▶ [YOUR TASK]: Drop the images. Copy every line below character for character.

▶ [SUPPLIED MATERIAL]:
^^^^
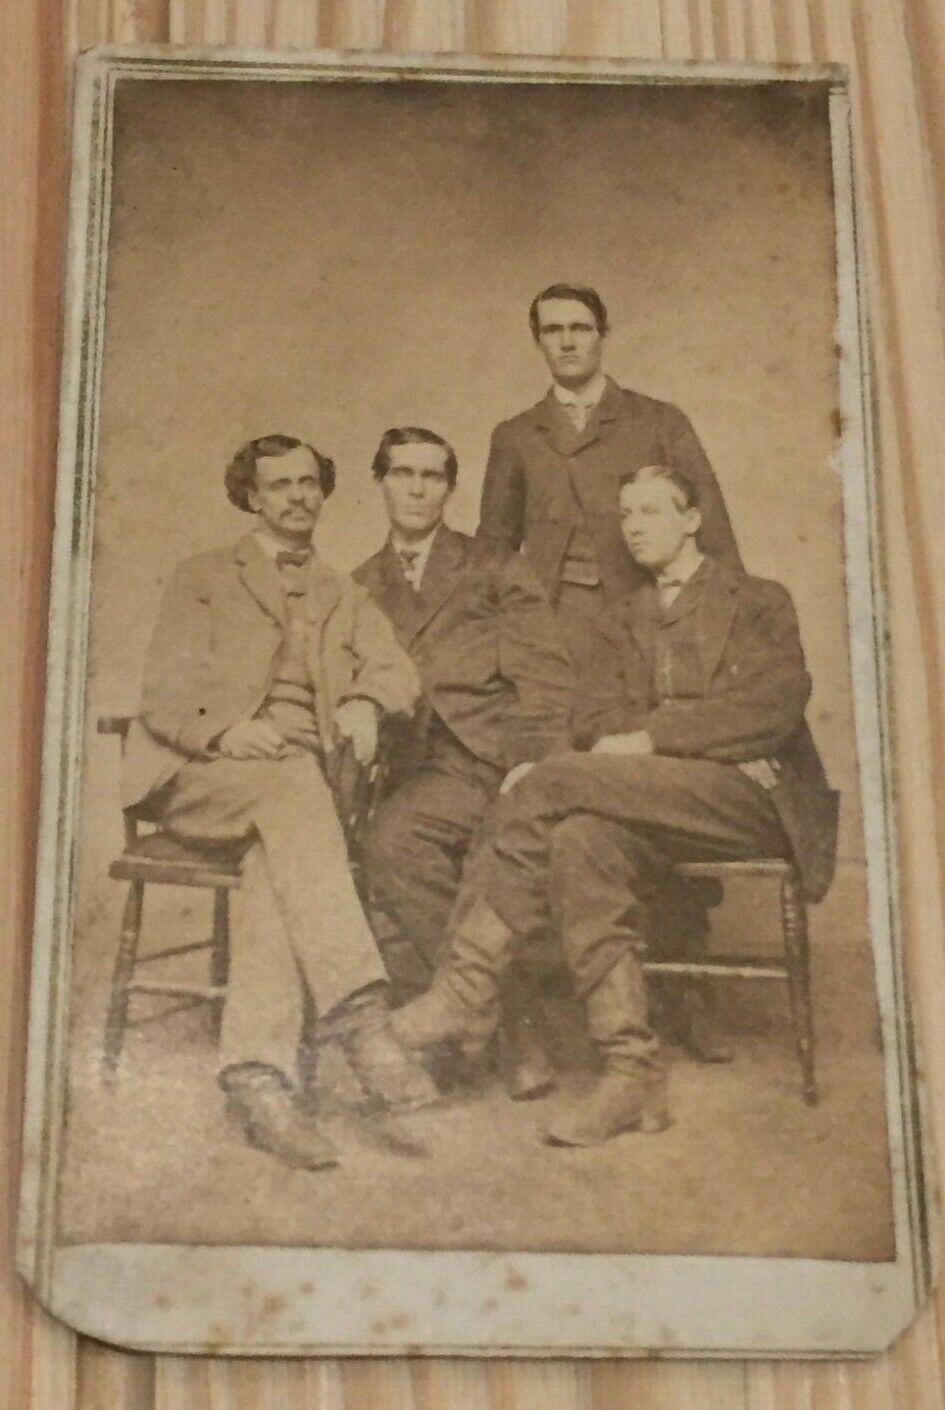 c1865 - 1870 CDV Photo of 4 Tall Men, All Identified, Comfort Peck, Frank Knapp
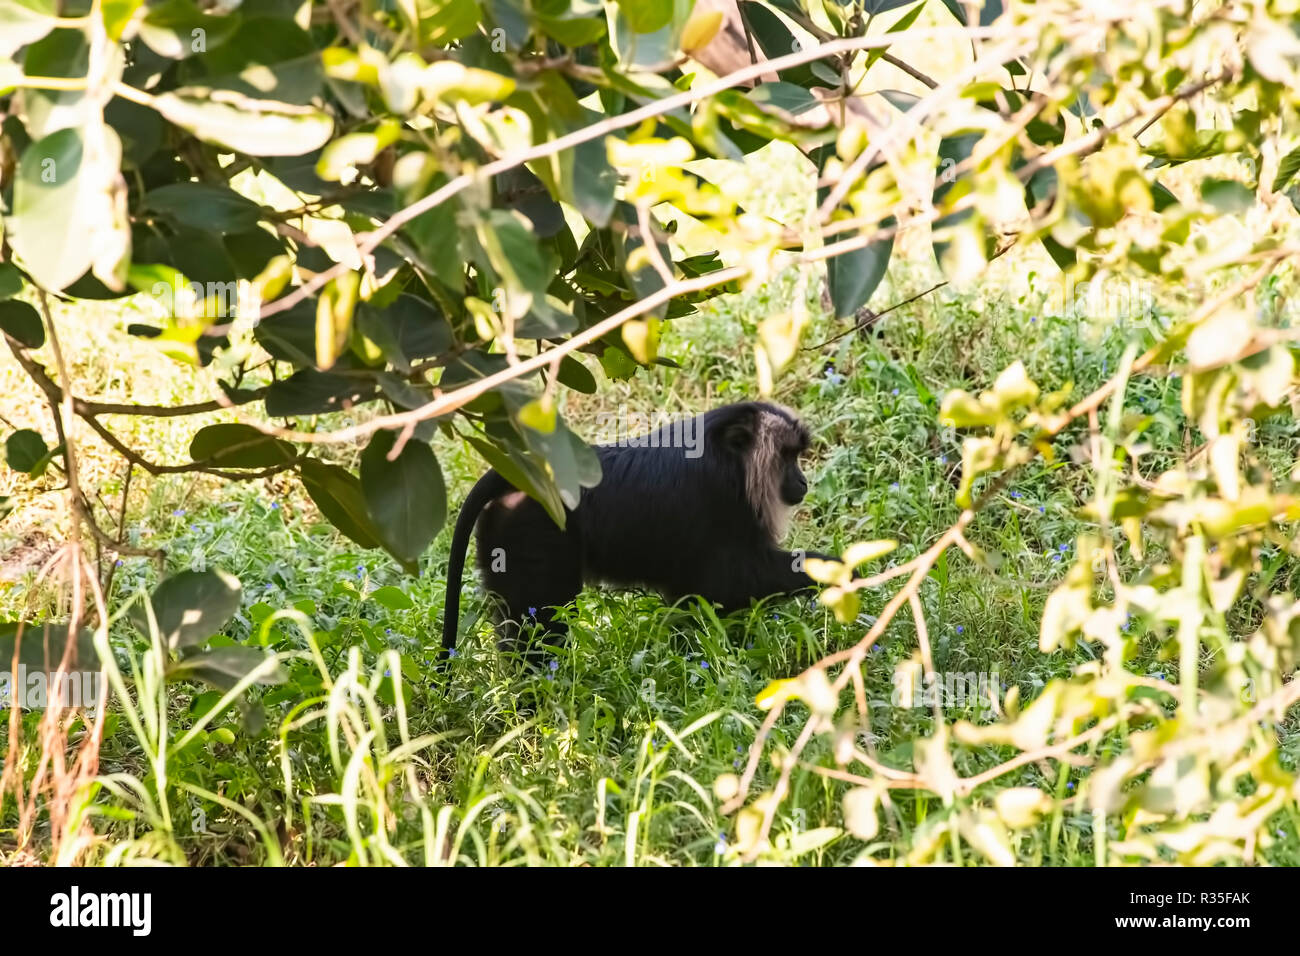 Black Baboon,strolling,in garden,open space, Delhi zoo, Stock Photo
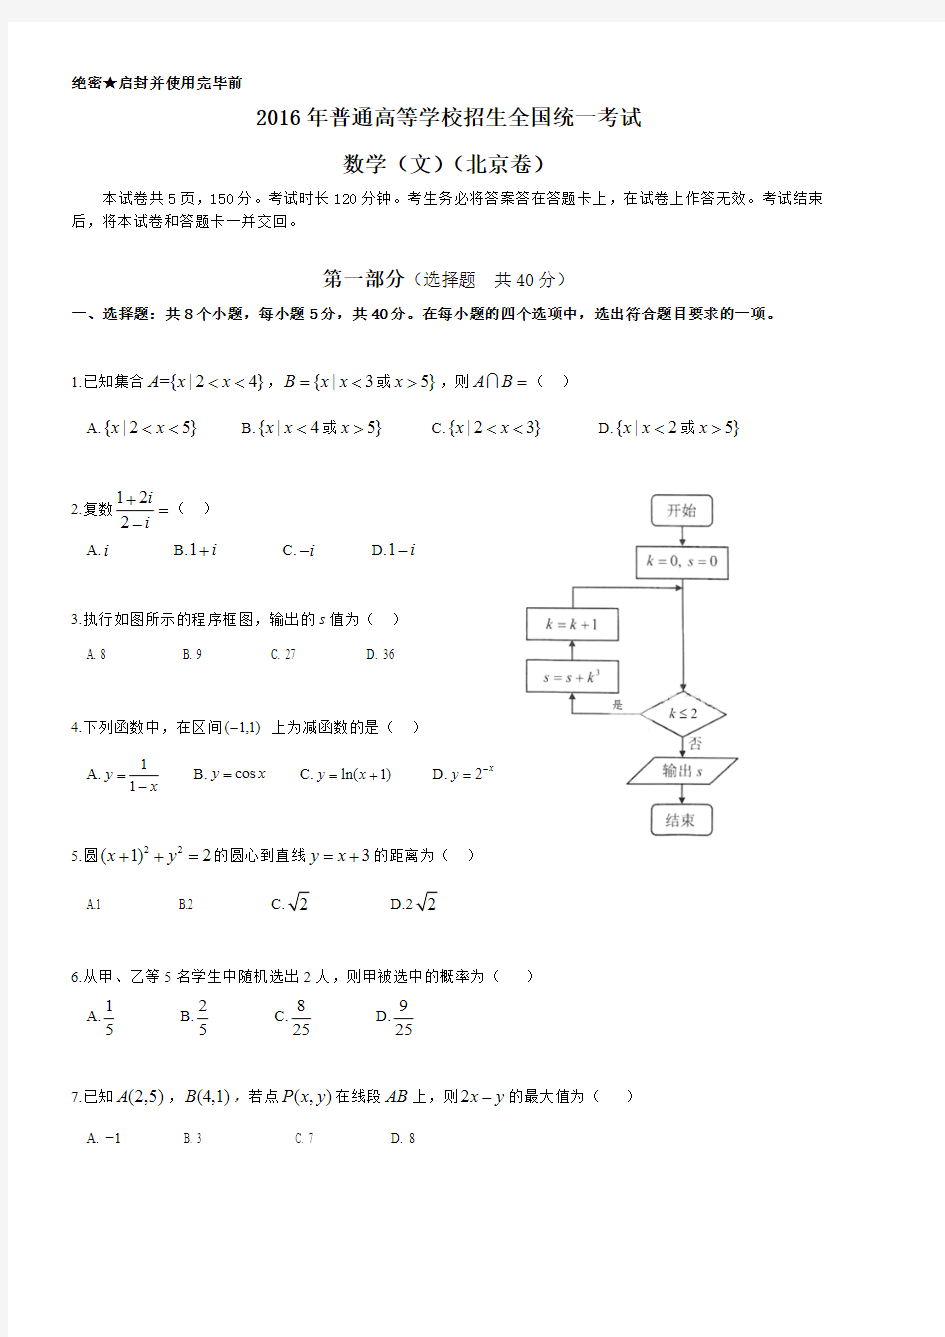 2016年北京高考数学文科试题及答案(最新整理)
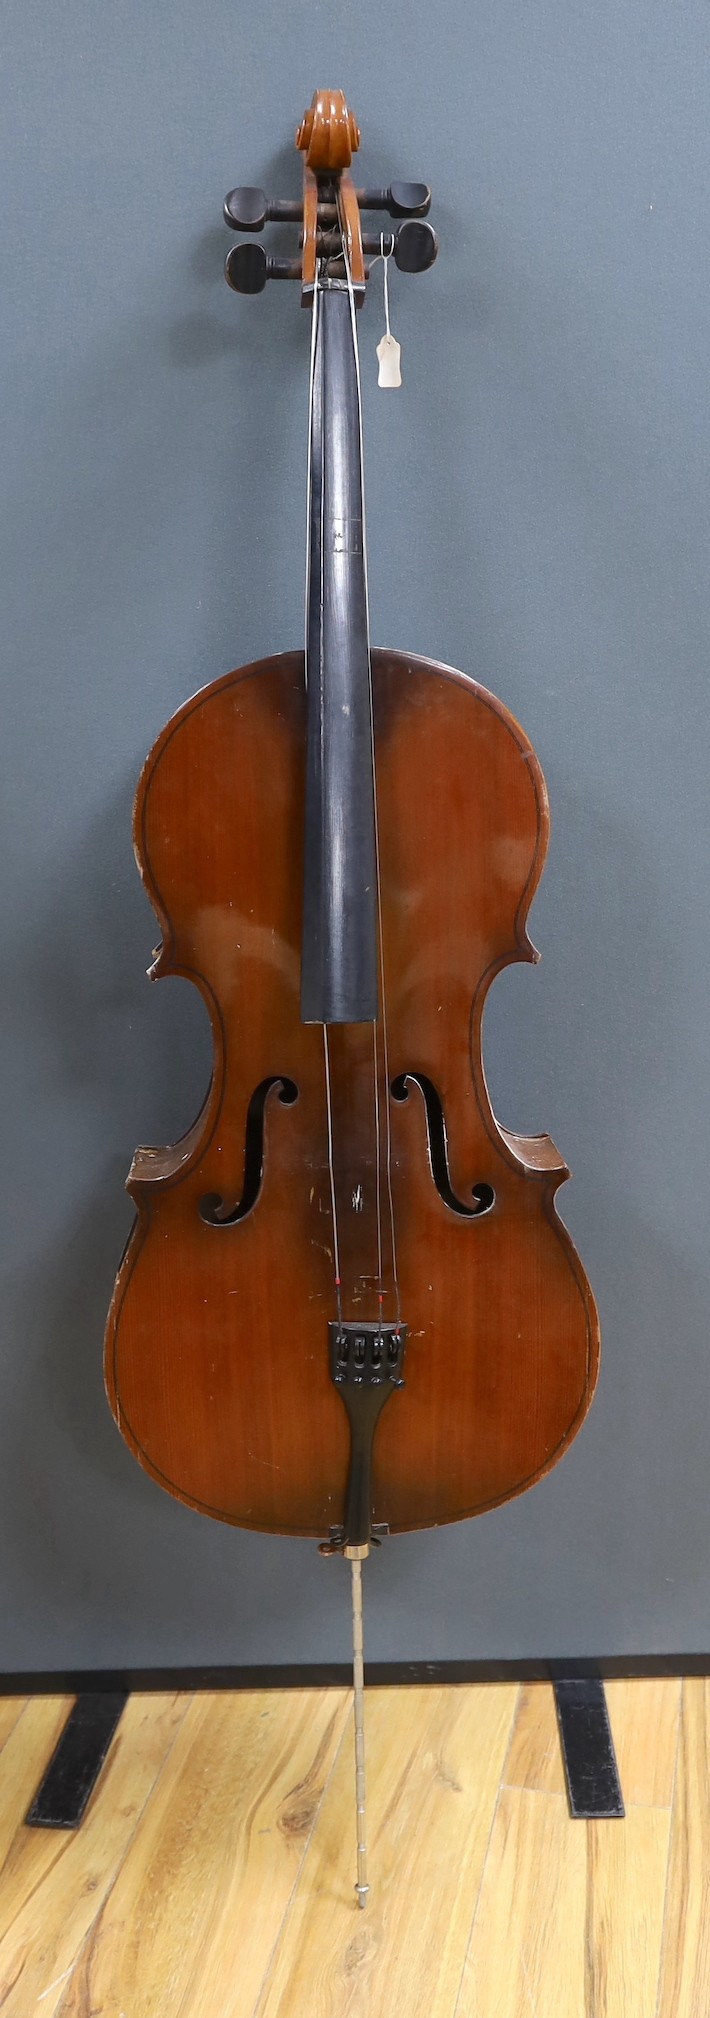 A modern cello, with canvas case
^^^^
▶ [SOLUTION TO THIS PROBLEM]:
 c1865 - 1870 CDV Photo of 4 Tall Men, All Identified, Comfort Peck, Frank Knapp
 Black Baboon,strolling,in garden,open space, Delhi zoo, Stock Photo
 2016年北京高考数学文科试题及答案(最新整理)
 A modern cello, with canvas case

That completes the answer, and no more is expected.